I just picked these up, not bad $10 each *4.10/3.50-6* verses the Duro 4.8-8









just in-case these dont work out


----------



## Ken692 (Feb 15, 2013)

omg I think I need a 4" rim. what have I got myself into!!!!


----------



## woodtick007 (Apr 9, 2011)

Ariens offered some later model 24" machines with large or small tires/wheels. In order to do that with the same tractor housing and keep the machine somewhat level Ariens had to change the location of the axle bearing assemblies in the frame. Relocating the axle might be an option for you. It might be simple or it might get a little complicated... You can take a look and decide if your skill set fits the task at hand. 

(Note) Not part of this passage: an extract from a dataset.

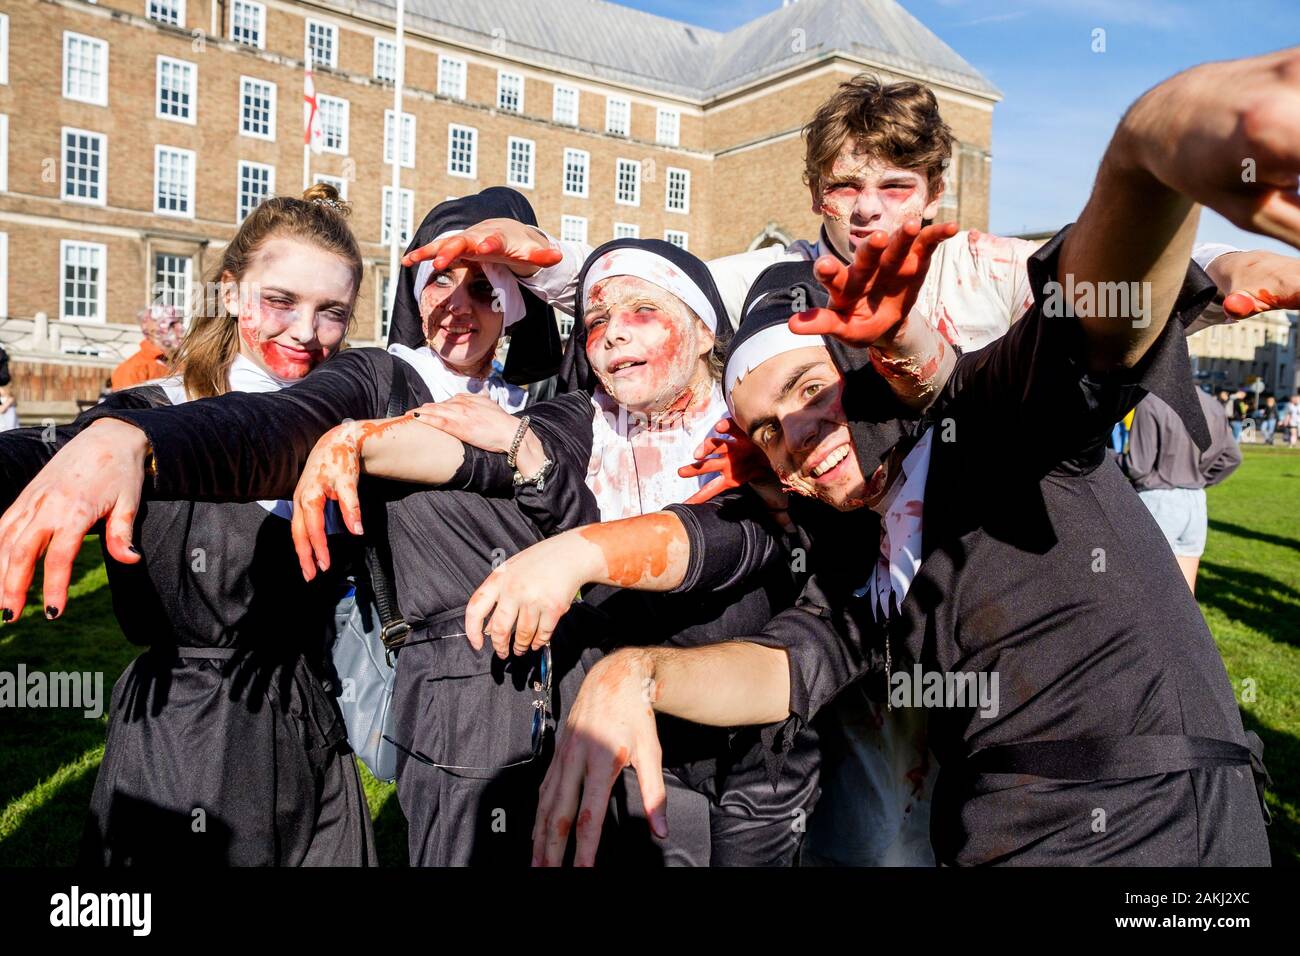 Bristol, UK. 28th Oct, 2017. People dressed as a zombies are pictured as they participate in a zombie walk through the city centre. Stock Photo
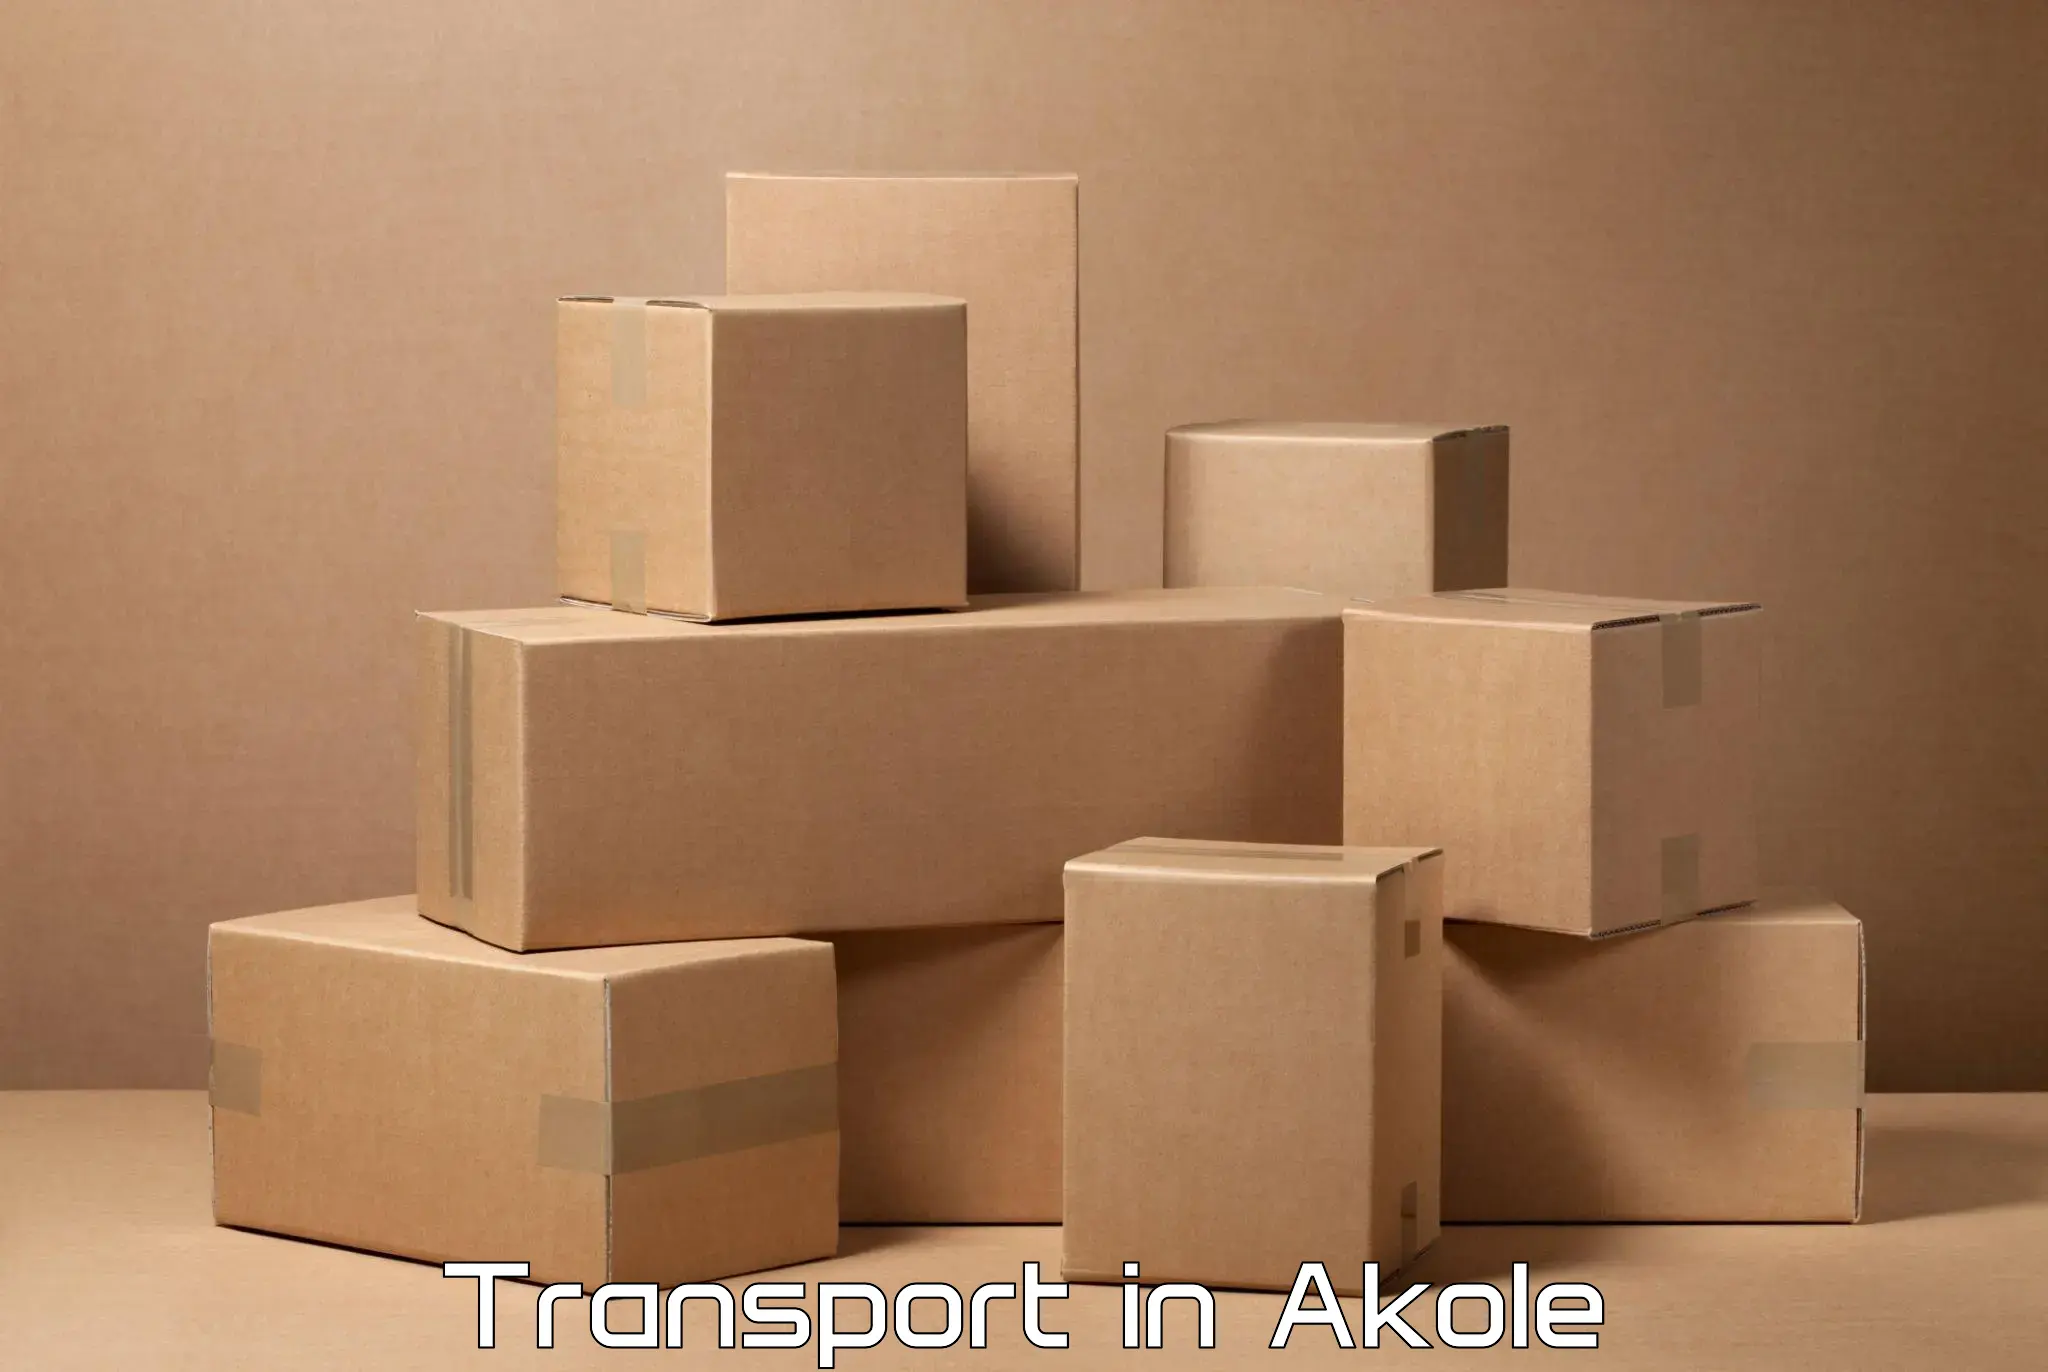 Road transport services in Akole

Also, there are many options with regards to tires and wheels if you start thinking out of the box. I converted my 3 bolt axle to 4 bolt which allowed me more choices for tire and wheel sizes. You could also eliminate the 3 bolt mount and change it to 3/4" or 1/2" round steel shaft that locked the wheel in drive it with a pin. With the pinned shaft option you can virtually select any tire/wheel size from hundreds of commercially produced snowblowers.


----------



## Ken692 (Feb 15, 2013)

update
OK I adjusted the skids (wish I did sooner, worn a bit ) and looks like the scraper seen its day, (1978) Just ordered one $10 delivered $5.21 + $5.50 shipping 
In stock. Usually ships within 4 to 5 days.
Sold by *Mowtownusa*







I have a question about the tire pressure, I'm still tiring to get the unit to run a bit more level. there was 20 to 17 psi. I dropped it to 15, and that helped. my question is can I run 10 psi or less with out hurting the drive system or killing the tires?


----------



## Ken692 (Feb 15, 2013)

She looking better


----------



## Shryp (Jan 1, 2011)

Ken692 said:


> She looking better


Those look humongous!


----------



## Ken692 (Feb 15, 2013)

Not to bad, they work great, still hard starting and after its hot she stalled under load, did the carb, new plug, need to get this electric stater mounted, we got over 30" Ya right. I don't want to spend $100's taking it to a shop, I've done so much on my own its a pride thing now, I never rebuild a block and there is no smoke but after running for a bit it was harder to pull start ?? Agh I need help


----------